E-mail: jayashree1993rey@gmail.com
Malignant mesenchymal tumours are rare, aggressive neoplasms originating from mesenchymal tissues. These tumours are characterised by a high metastatic potential and pose significant diagnostic and therapeutic challenges. Mesenchymal tumours are of interest to oncologists because of their comparatively low occurrence, especially those with a high proliferation index. Authors report a case of a 60-year-old female who presented to the tertiary care rural hospital with persistent headaches, dizziness, and respiratory distress. Imaging studies revealed a heterogeneously enhancing soft-tissue density lesion in the right parietal region with extensive metastasis to both lungs. Histopathological analysis of the parietal lesion indicated features suspicious of a high-grade malignant tumour of muscular origin. Immunohistochemistry results were conclusive for Rhabdomyosarcoma. The patient was treated with radiation therapy for the primary tumour site and systemic chemotherapy, including doxorubicin and ifosfamide, for the metastasis. This case highlights the aggressive nature of malignant mesenchymal tumours and the complexities involved in their management. The high Ki-67 index and extensive metastasis indicate a poor prognosis. A multidisciplinary approach is crucial for symptom management and improving quality of life. Early detection, accurate diagnosis, and a comprehensive, multidisciplinary treatment strategy are essential for managing these challenging cases. Patients with such tumours typically have a bad prognosis since they have a significant chance of the tumour spreading to other organs, such as the liver, lungs, and bones. This case report aims to highlight the clinical presentation, diagnostic process, and therapeutic challenges associated with this aggressive tumour type, contributing to the limited but growing body of literature on rhabdomyosarcoma.

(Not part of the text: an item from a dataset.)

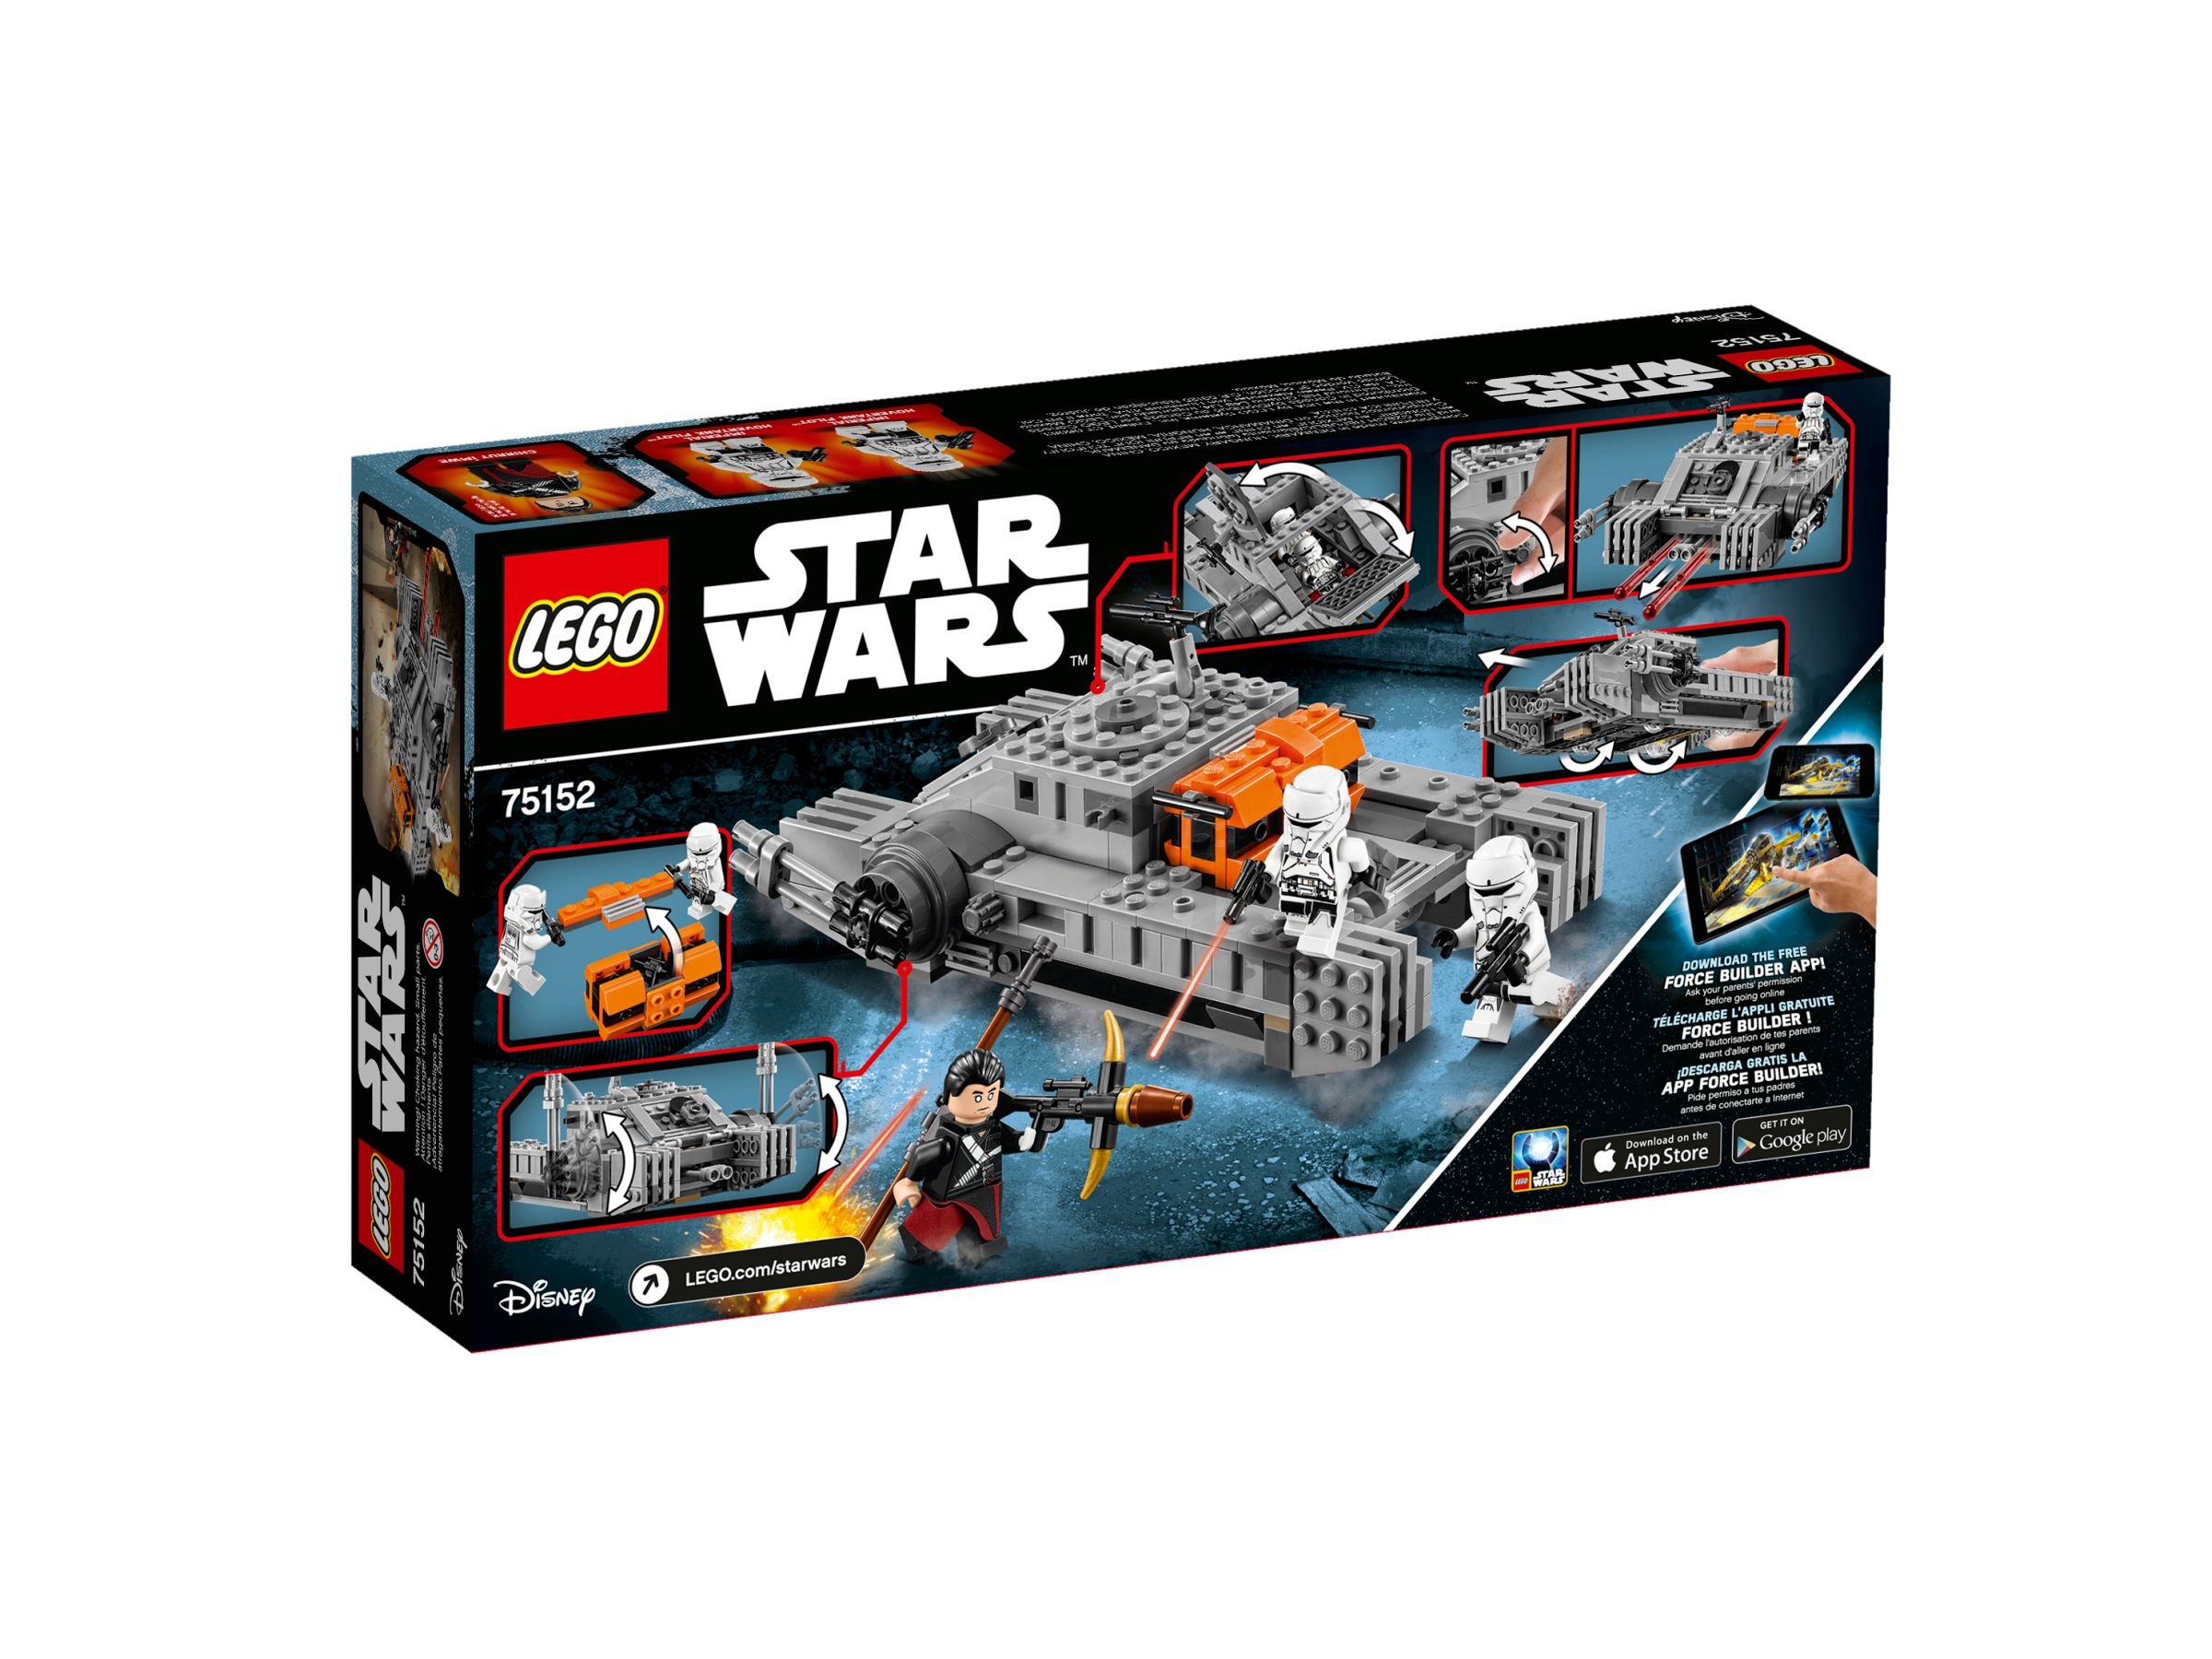 LEGO Star Wars 75152 Imperial Assault Hovertank™ LEGO_75152_alt1.jpg

Chemotherapy, Malignant mesenchymal tumour, Metastasis, Immunohistochemistry, Multidisciplinary approach, Radiation therapy
A 60-year-old female presented to the emergency department with neurological and respiratory symptoms. Her complaints included severe headache, dizziness, confusion, cough, occasional blood-tinged sputum, and shortness of breath. The patient was initially assessed and stabilised. A comprehensive physical examination was performed which revealed a hard swelling over the right side of the parietal region of the skull (Table/Fig 1) with decreased coordinative movements. Pulmonary examination showed diminished breath sounds in the left upper lung field and crackles on auscultation. The patient was admitted to the surgery department for further investigations. She underwent radiological investigations like Contrast Enhanced Computed Tomography (CECT) of the brain (Table/Fig 2), which discovered an extracalvarial heterogeneously enhancing soft-tissue density lesion with non enhancing necrotic areas in the right parietal region (approximately 4.8×2 cm) with the involvement of adjacent skull musculature, extending to the skin surface. It also revealed degenerative changes in the visualised spine. Radiological investigation suggested a neoplastic entity, probably melanoma.

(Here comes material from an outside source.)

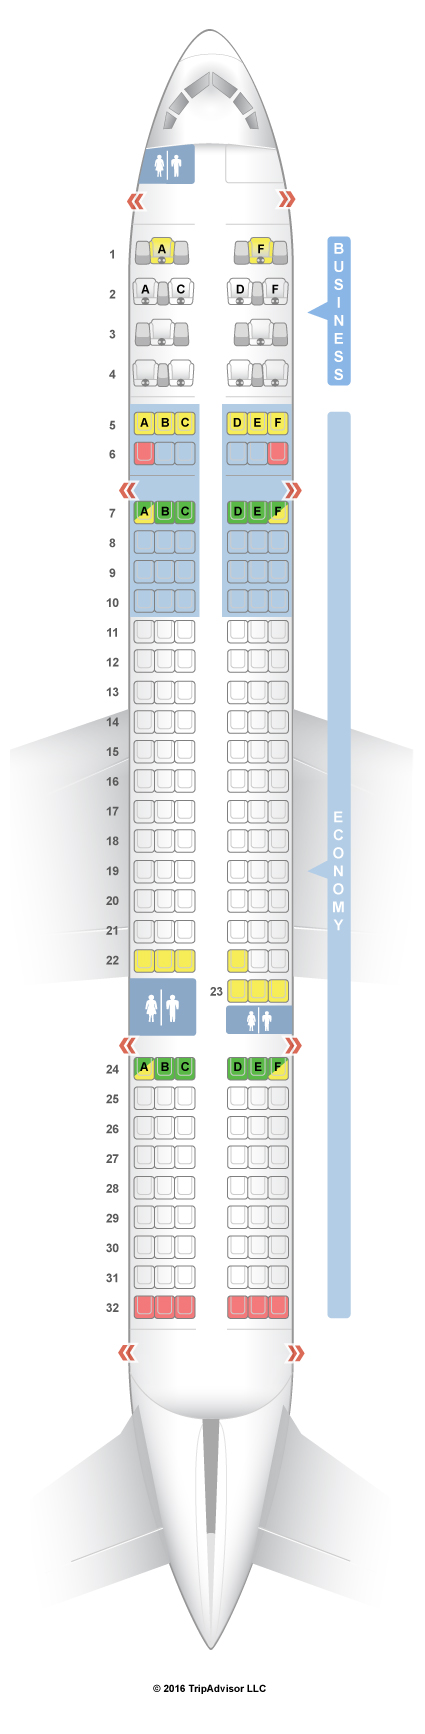 Seatguru Seat Map Aer Lingus Seatguru Seating Charts Seatguru Chart ...

Surgical excision of the lesion was performed and sent for histopathological examination. The haematoxylin and eosin slides showed tumour cells arranged in a diffuse sheet-like pattern. These cells were cytologically undifferentiated, atypical, having large, pleomorphic nuclei with prominent nucleoli. Spindle-shaped cells were seen in some areas, and high mitotic counts were also observed (Table/Fig 3),(Table/Fig 4). On microscopic evaluation, a diagnosis of high-grade malignant neoplasm arising from muscle was made. As radiological and histopathological analyses were contrary to each other, immunohistochemistry was performed, which resulted in positive staining for Smooth Muscle Actin (SMA), Myogenin, Myo D-1, a high proliferation index for Ki-67, and negative staining for CD 34, HMB45, S100. SMA positivity ruled out the diagnosis of melanoma (Table/Fig 5). Thus, a complete IHC panel resulted in the diagnosis of rhabdomyosarcoma.

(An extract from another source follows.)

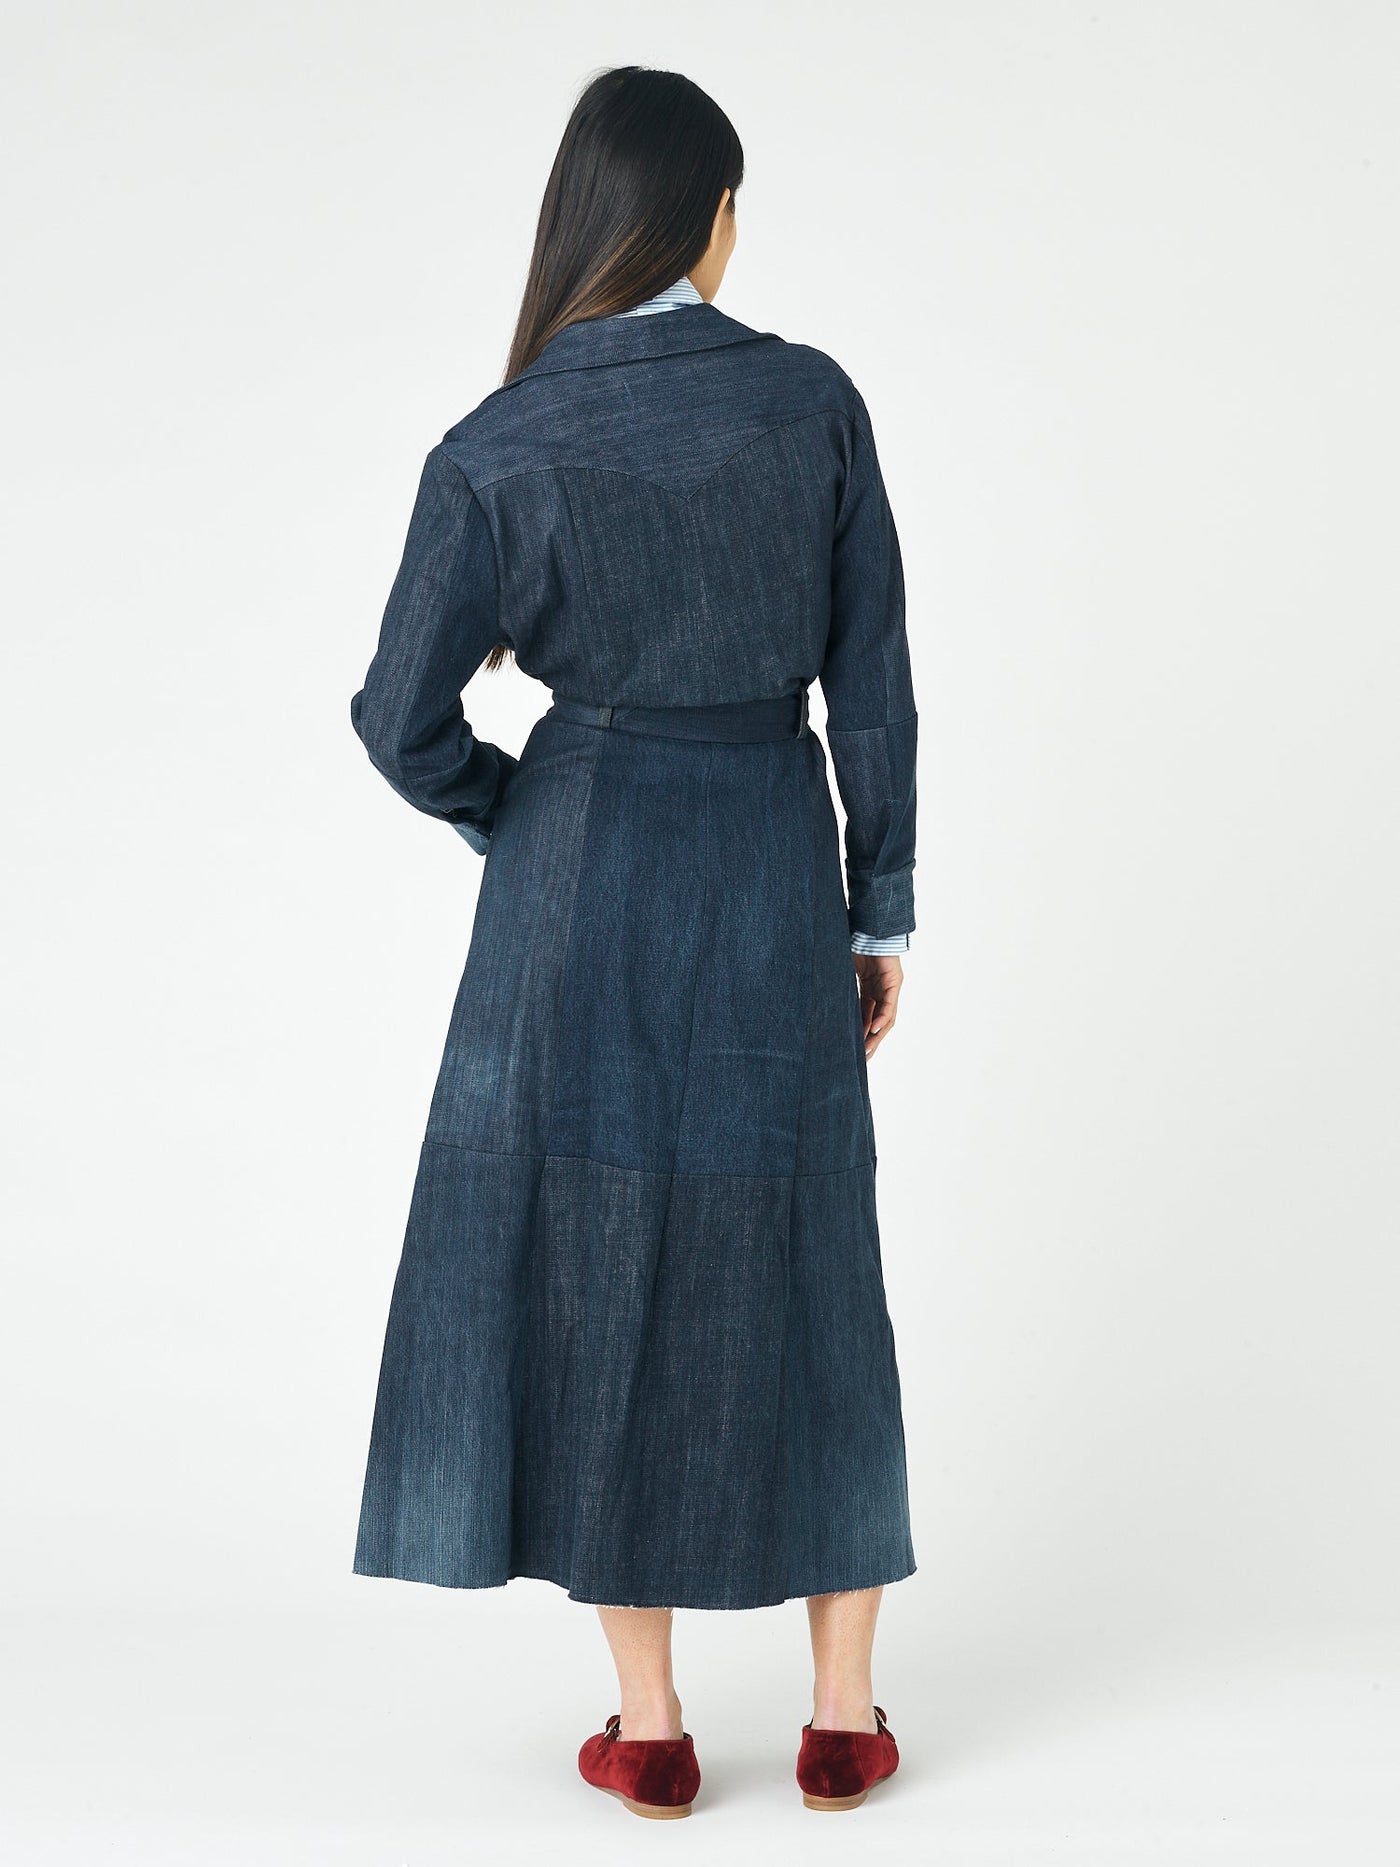 ESPIRIT Women's Long Sleeve Denim Shirt Dress Knee Length in Mid & Light  Blue | eBay

After the confirmation of the diagnosis, the tumour board meeting suggested the treatment plan. The patient was planned for radiation therapy for the parietal mass, and simultaneously chemotherapy sessions were started for the pulmonary metastasis. After two weeks of treatment, the patient showed partial relief of neurological symptoms and improved respiratory function. Regular follow-up was planned to monitor treatment response and manage any emerging complications. The patient was scheduled for repeat imaging and reassessment of the treatment plan after one month.
Malignant mesenchymal tumours are a diverse group of soft-tissue neoplasms that arise from mesenchymal tissues such as muscle, fat, and connective tissue (1). These tumours are known for their aggressive behaviour and high metastatic potential. They account for a small percentage of all malignancies but pose significant diagnostic and therapeutic challenges due to their rarity and varied presentation (2).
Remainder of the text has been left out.